> DATASET EXCERPT:
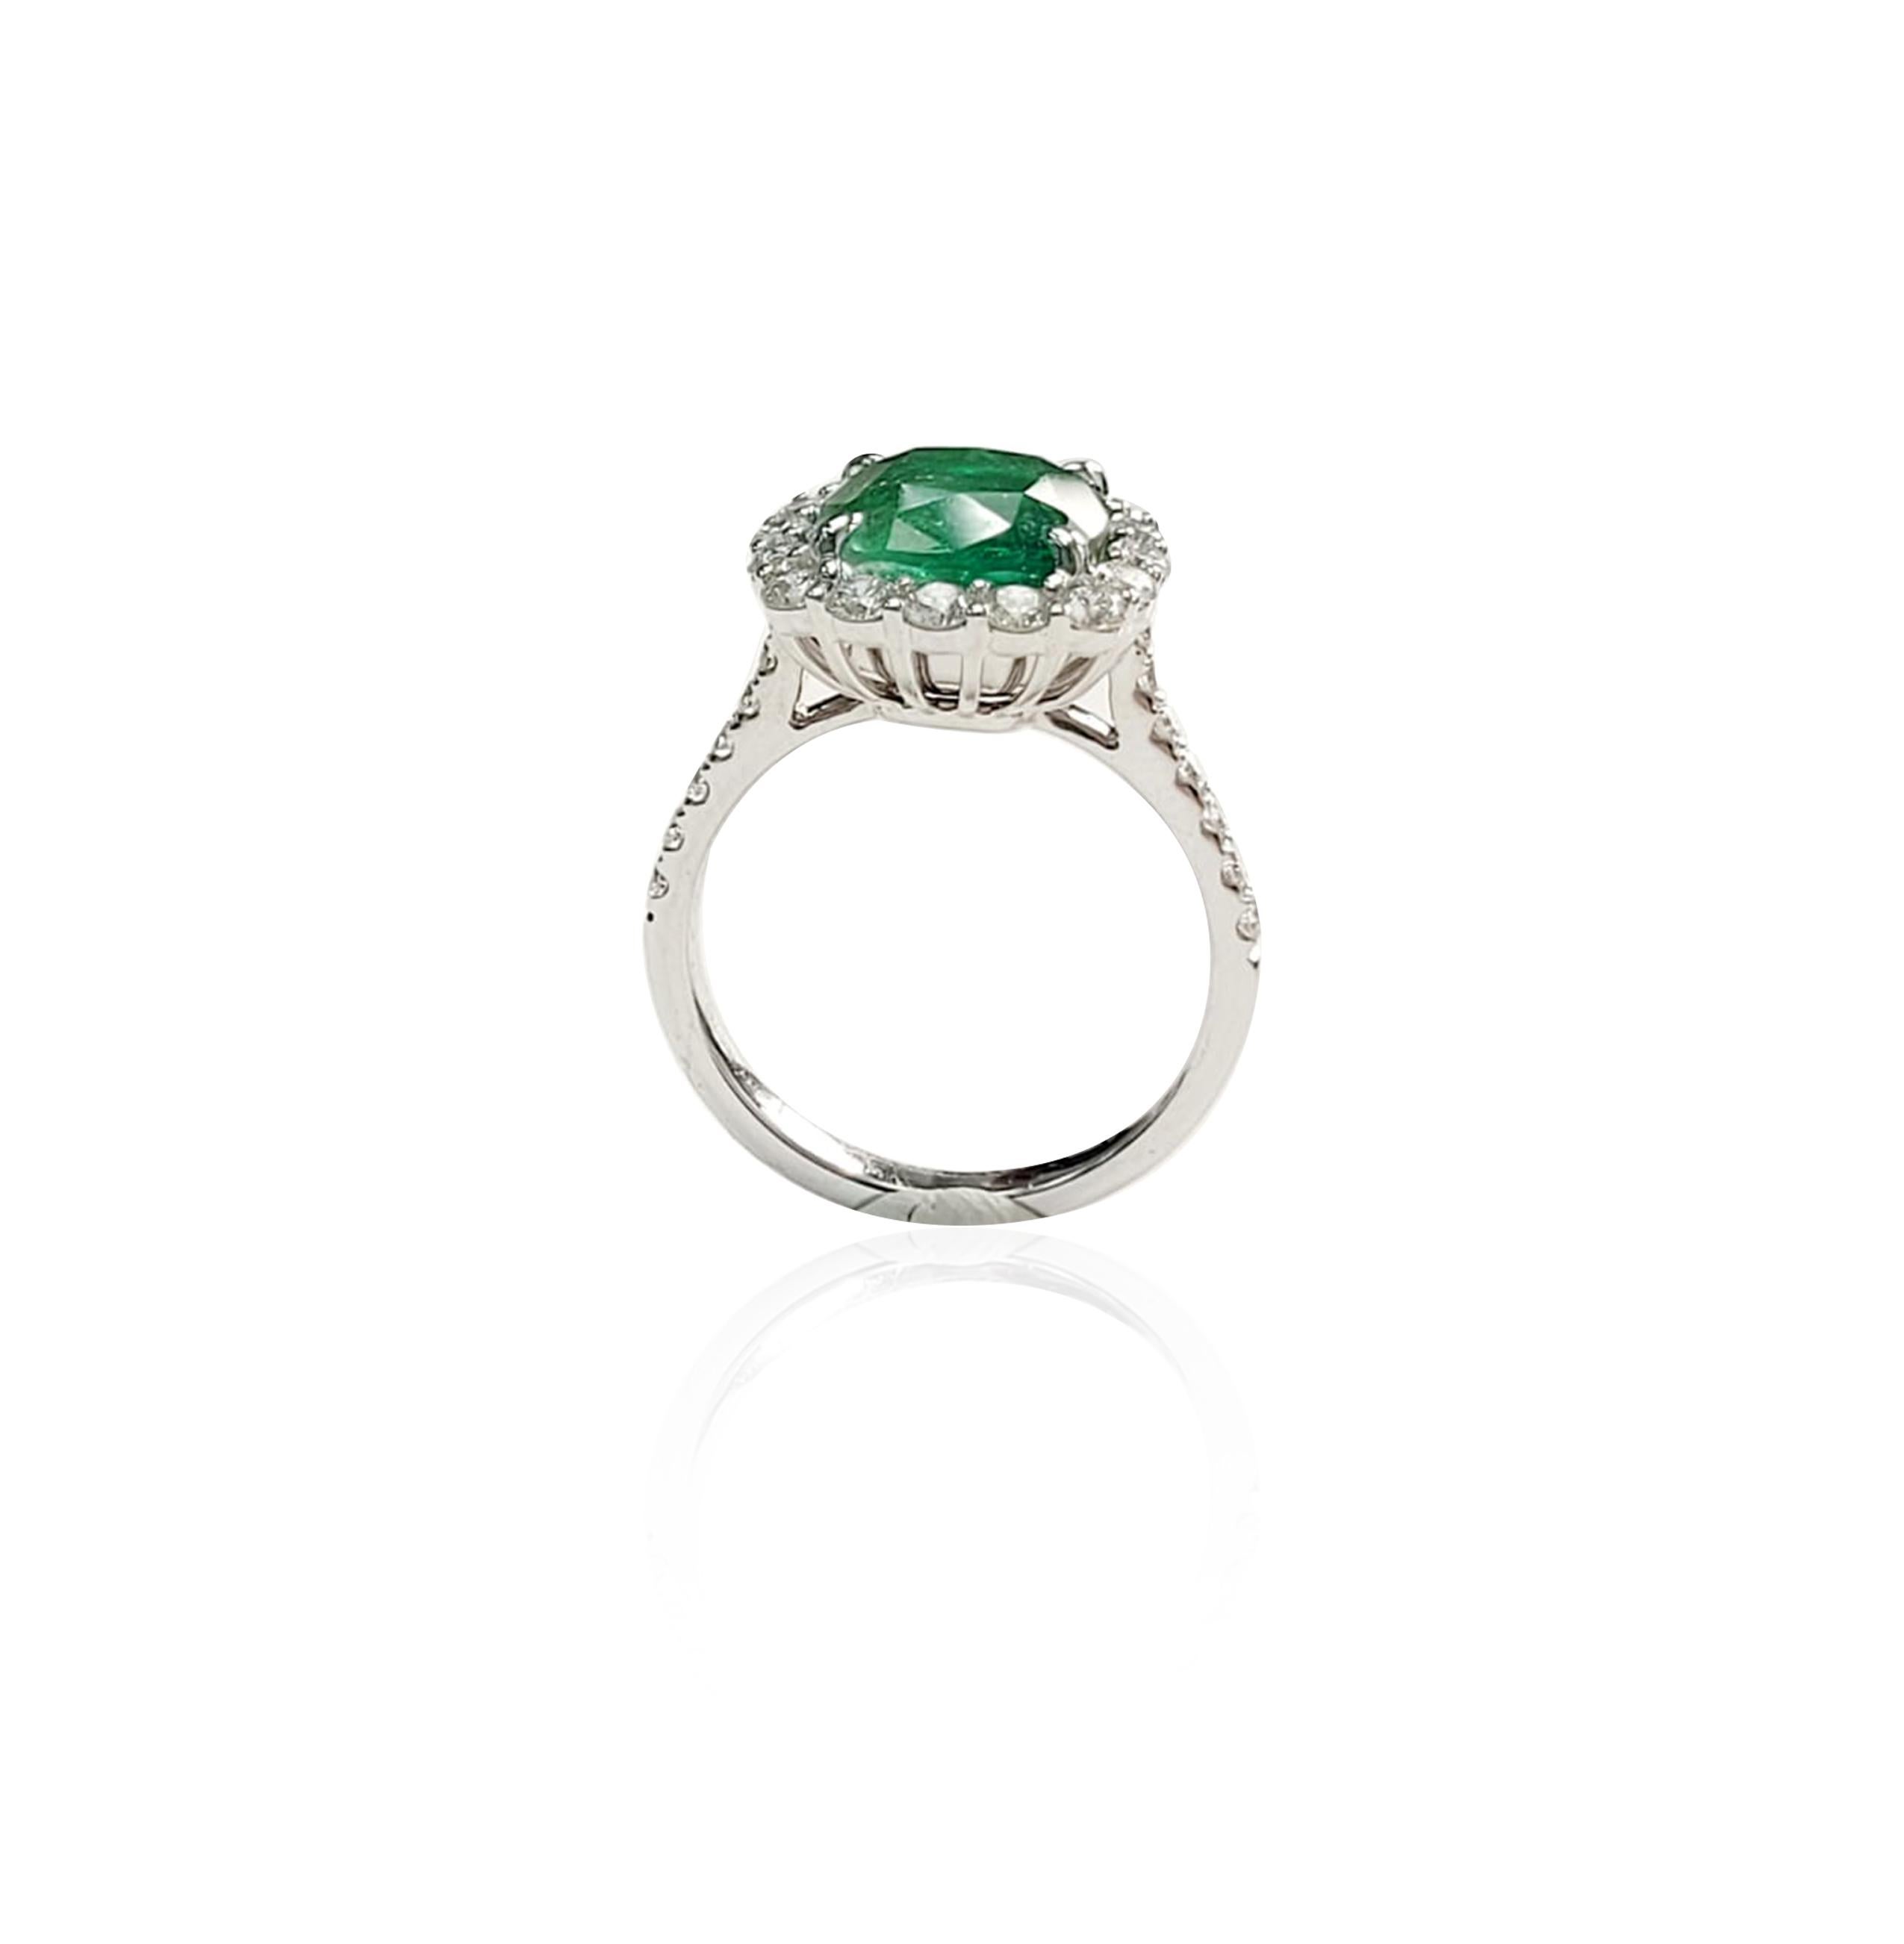 Emerald Cushion Cut - 3.58ct, 9.5mm
White Diamonds - 0.96ct
Metal Ring - 18k White Gold
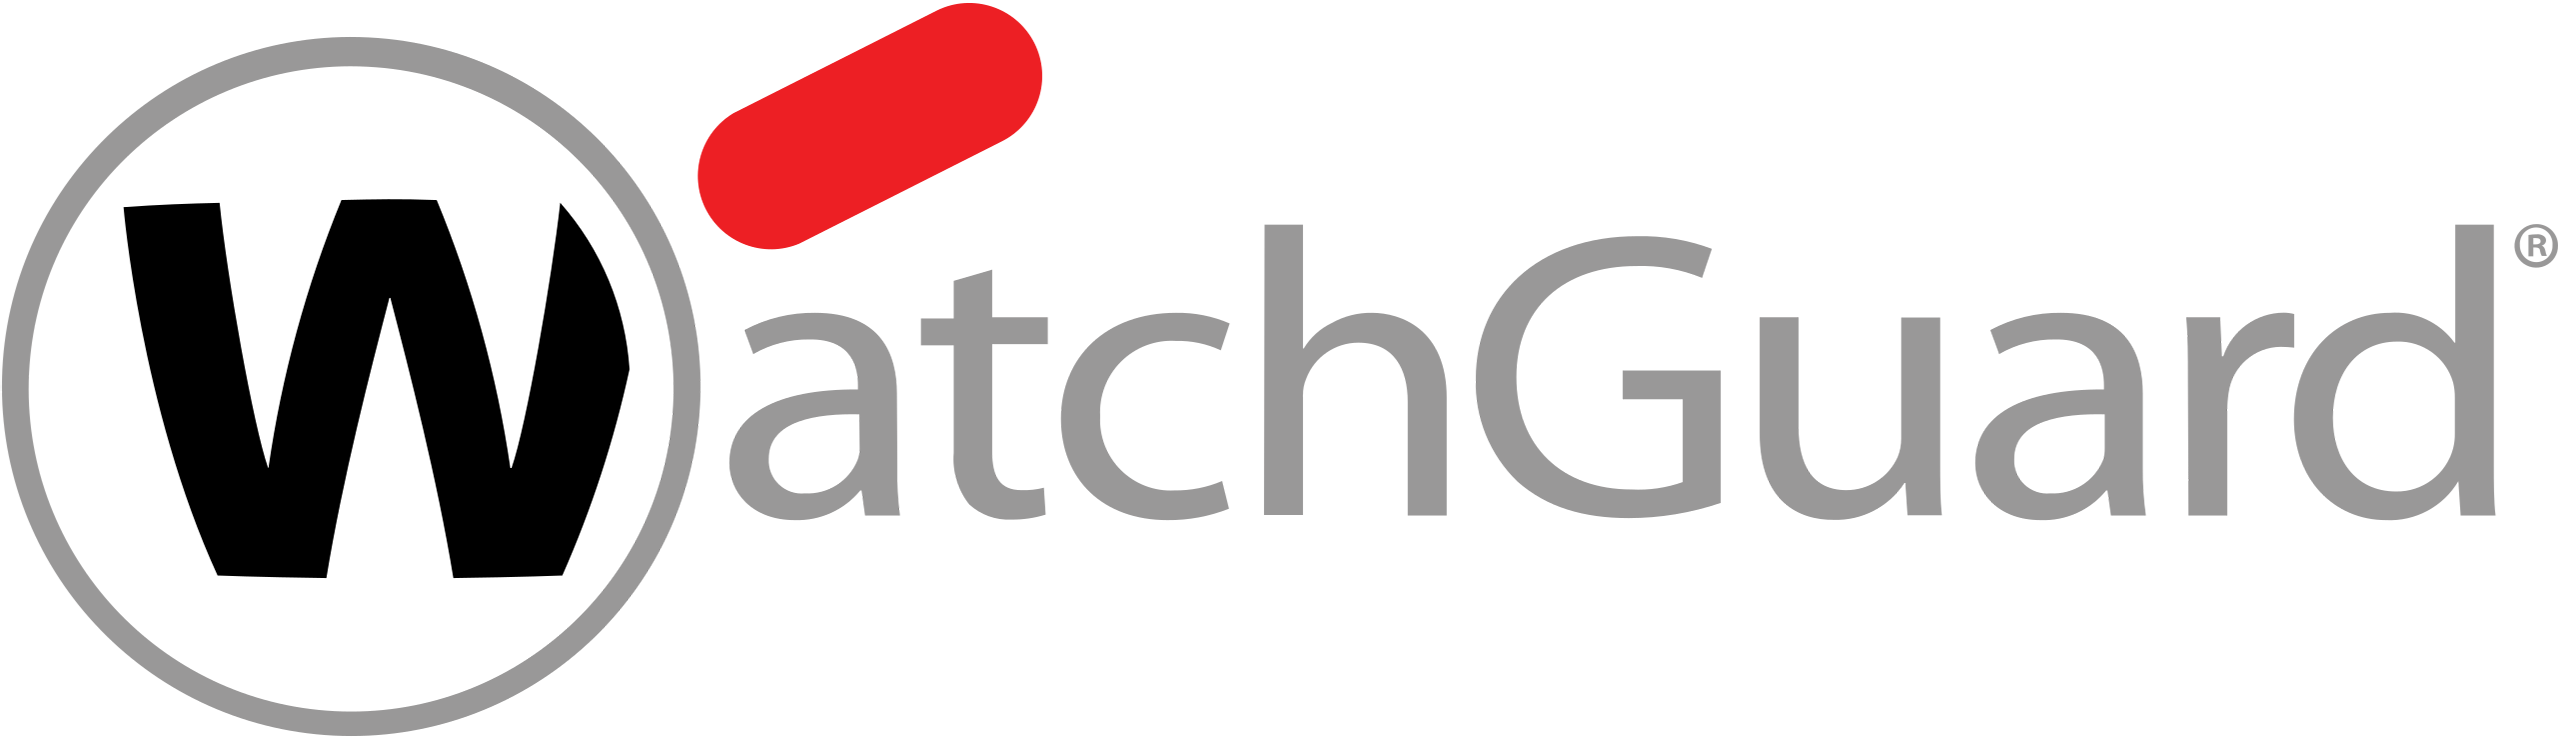 1 logo watchguard

> WHAT TO PRODUCE:
Would you retype each line above exactly and skip every image?

> ANSWER SPACE:
 Emerald Cushion Cut - 3.58ct, 9.5mm
White Diamonds - 0.96ct
Metal Ring - 18k White Gold
 1 logo watchguard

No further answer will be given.